Oops… I apologize. I’ve digressed.

To the world, it is known as “The Entertainment Industry.” Locals and insiders refer to it simply as “The Industry.” Why am I telling you all of this? I’ve been comfortably ensconced in my small but rewarding world of holistic storytelling. I’ve been in/out of “The Industry” working in various capacities, but my love of storytelling was what helped me maintain balance. I love the relationships I’ve been able to build over the decades from simply sitting with others and sharing music, stories and conversations of depth.

A couple of months ago I received a phone call from someone in “The Industry” whom I respect. A man who feels more like a brother to me than a friend. I’ve known him for years and have followed his successes in “The Industry” with pride. He is a master at what he does, making music. I’ve watched him navigate a recording studio with fascination and awe. He is a storyteller in his own right, of his own craft.
The call went something like this:

Friend: “Hey Baba how you been man!”

Me: “I’ve been doing really well. I love my work and life. What more could a man ask for?

Friend: “Well listen I’m calling you about business.”

Now in Hollywood, when someone calls you about “business” it is appropriate to pause, hold your breath for a few minutes and ponder the fate of humanity, or your own immortality (just joking). Seriously, talking business in Hollywood could mean anything from “my pet orangutan just died” to “I’ve been given 30 million dollars to make a low budget film.”
So you see why a bit of trepidation is in order?

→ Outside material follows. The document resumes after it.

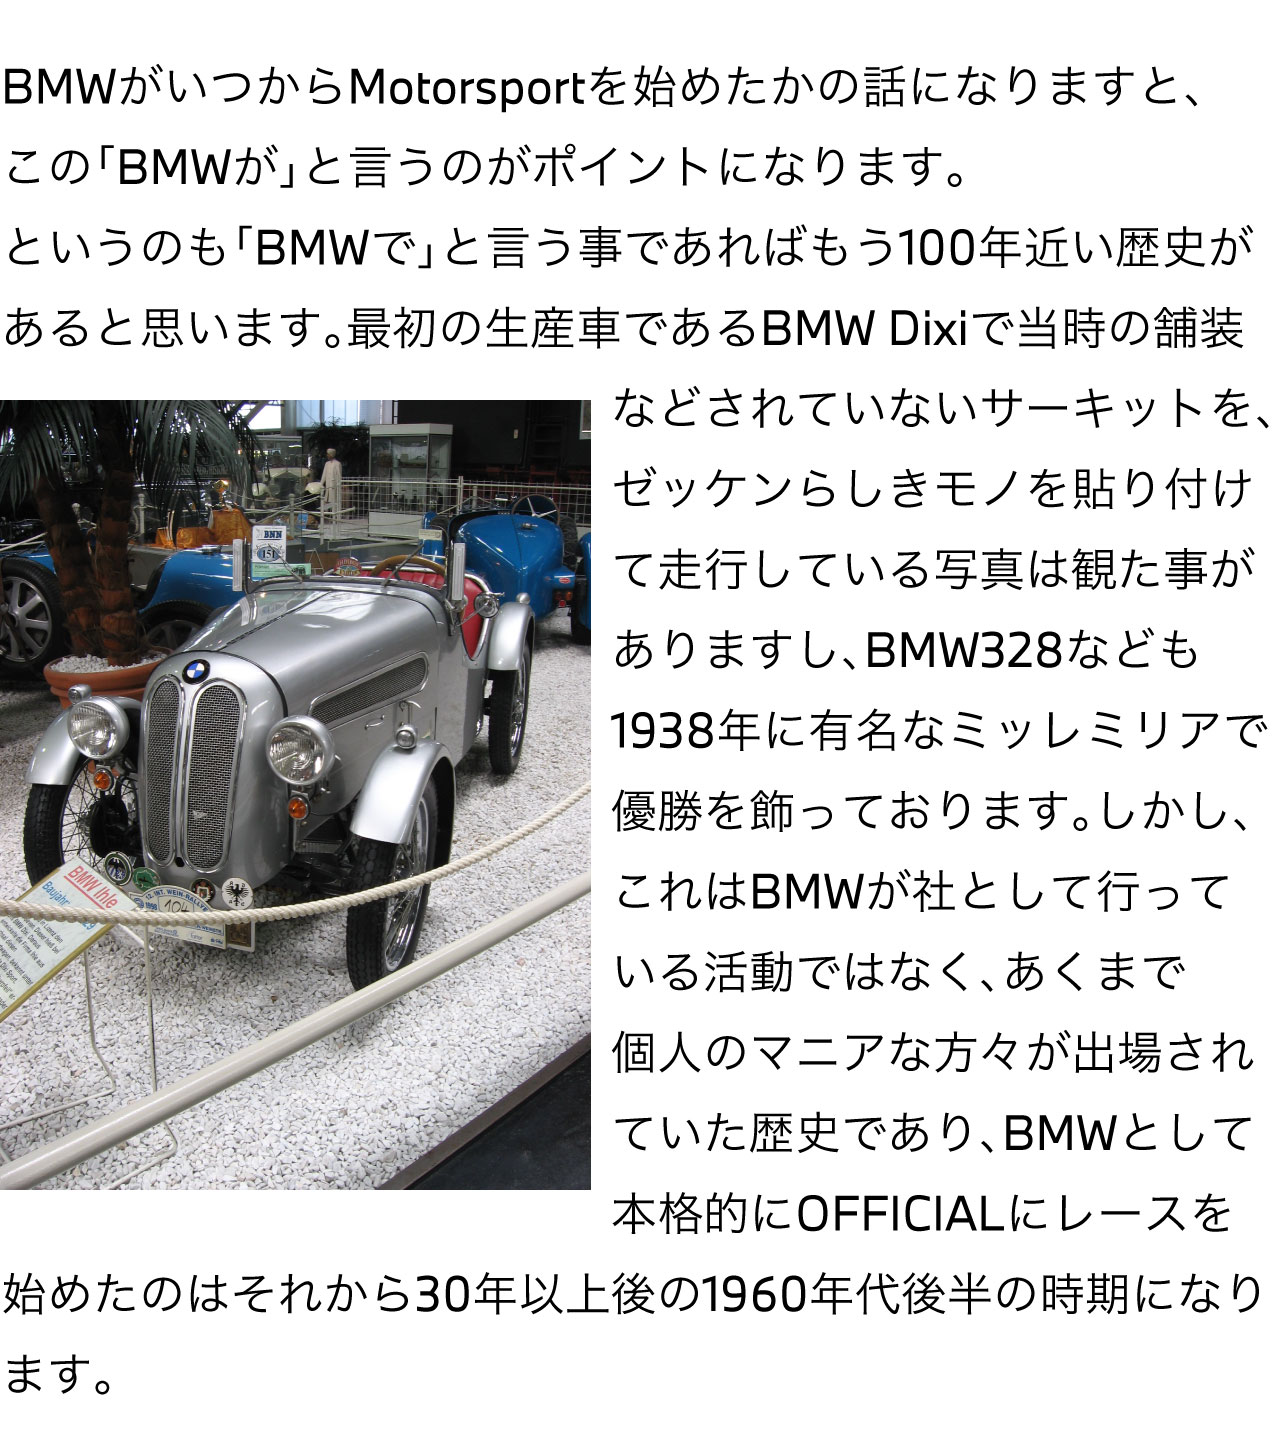 BMW がいつから Motorsport を始めたかの話になりますと、この「BMWが」と言うのがポイントになります。というのも「BMWで」と言う事であればもう100年近い歴史があると思います。最初の生産車であるBMW Dixi で当時の舗装などされていないサーキットを、ゼッケンらしきモノを貼り付けて走行している写真は観た事がありますし、BMW328 なども1938年に有名なミッレミリアで優勝を飾っております。しかし、これはBMWが社として行っている活動ではなく、あくまで個人のマニアな方々が出場されていた歴史であり、BMWとして本格的にOFFICIALにレースを始めたのはそれから30年以上後の1960年代後半の時期になります。

Me: “You got my attention… I’m listening.”

Friend: “I just finished a song that I’m really proud of. I want you to direct the music video for it.”

Me (dumbfounded): “What?”

Friend (hyped): “Yeah man! You know storytelling in a way that most of these people out here only claim to know! I want your skill set and signature all over this project!”

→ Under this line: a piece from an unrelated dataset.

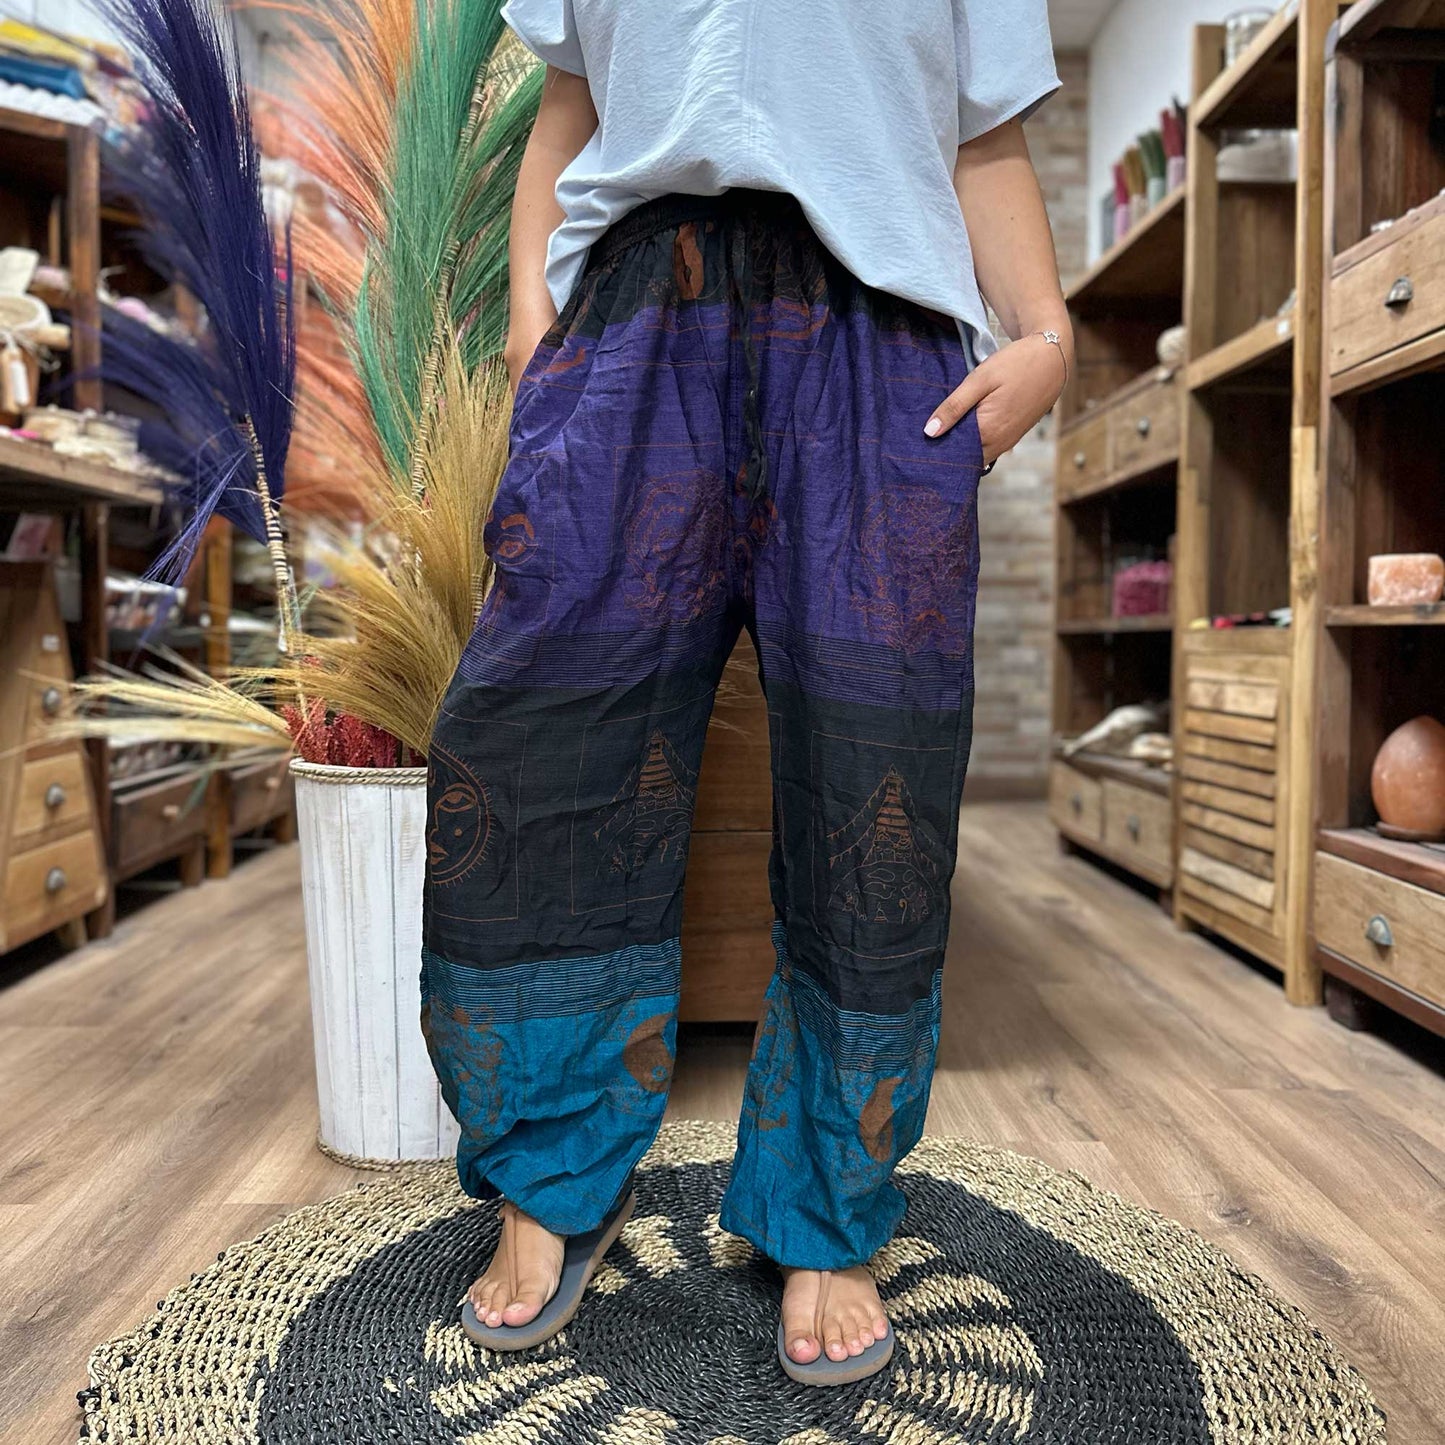 High Cross Himalayan Print on Purple Yoga Pants - CosmicSerenityShop

Now what you’ve got to understand is that this offer came to me completely out of left field. Yes, I’ve done a lot of work in front of and behind the camera, in the editing room, research, etc. but the thought of “directing” a music video never entered my mind. The problem with being familiar with, and knowing, “The Industry” is being acutely aware of what things cost and what it takes to complete projects of this magnitude. You could call this awareness “a curse of consciousness.” Knowing will keep you from doing many things whereas ignorance has no filter.

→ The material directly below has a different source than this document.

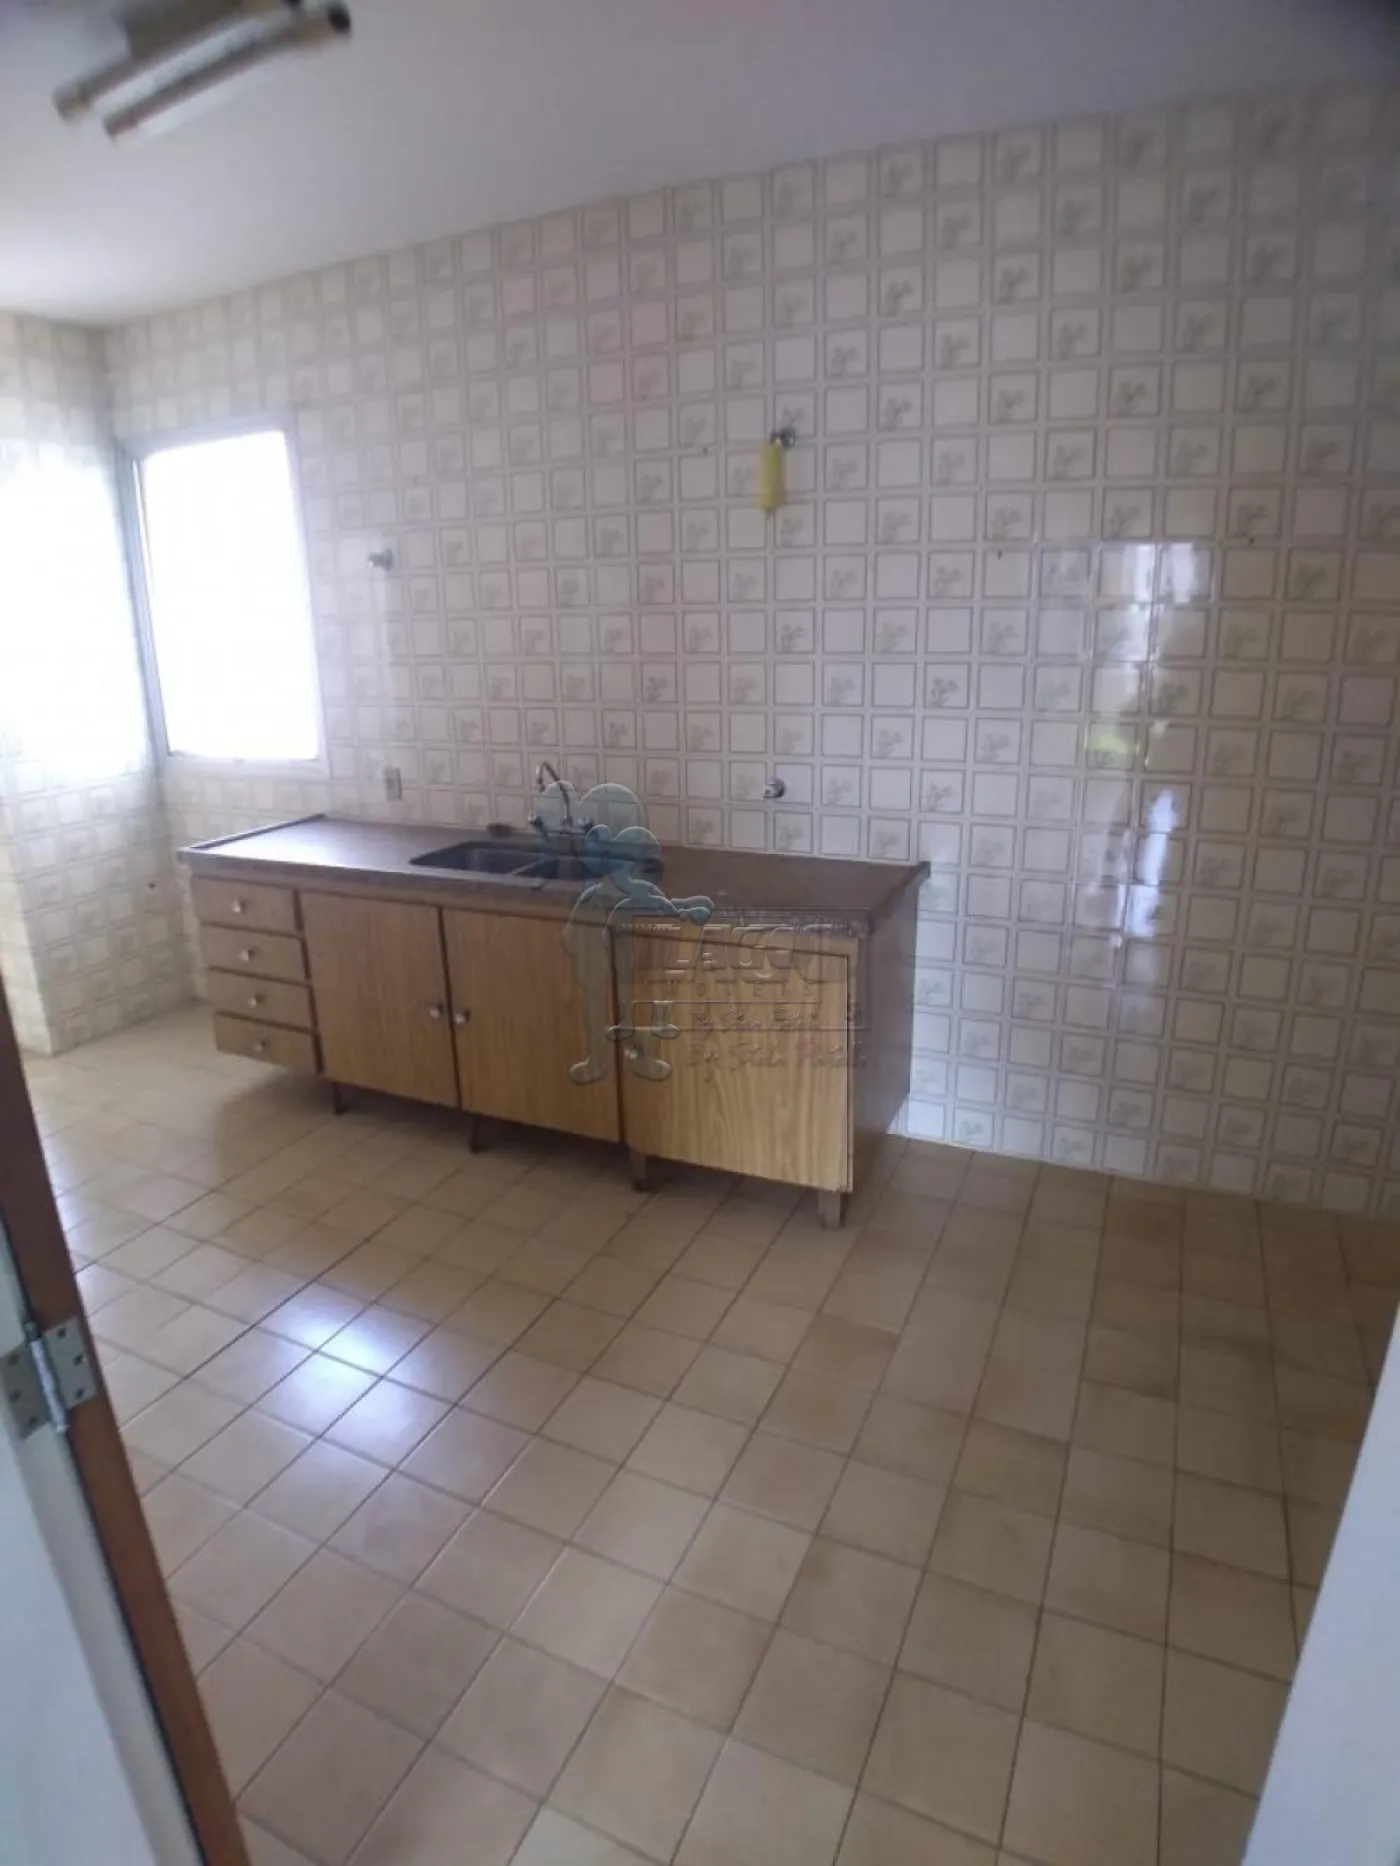 Comprar Apartamentos / Padrão em Ribeirão Preto R$ 424.000,00 - Foto 4

After talking with my friend for a few minutes longer I let him know that I’d have to think about it.

When we hung up. I began thinking about the impossibility of the project that he laid it out to me. I pondered the insanity in attempting to create something with limited, well… almost zero resources. I knew that only a crazy person would take on such a task. It would be absolute stupidity for me to risk a reputation of professionalism and dedication to craft that I’ve built up over the years.

Yep… you guessed it. I called him right back and said I’d do it.

I’ve been heavily steeped in the craft of storytelling more than 20 years. I’ve been touring professionally since 1994. There is something uncomfortable to me about becoming too comfortable in one’s art form. Call me crazy but I thrive on the awkwardness of mastering something unfamiliar or new.

I consented because of the challenge of applying my knowledge of storytelling to a different medium.

I plan on journaling a little more about this experience in the coming weeks.

This is one of those leaps of faith that will either lead to greater appreciation and understanding of my craft as a storyteller, or epic failure the likes of which I haven’t experienced since the clumsiness of my youth. I’m a bit prone to hyperbole but I think you understand what I’m trying to communicate.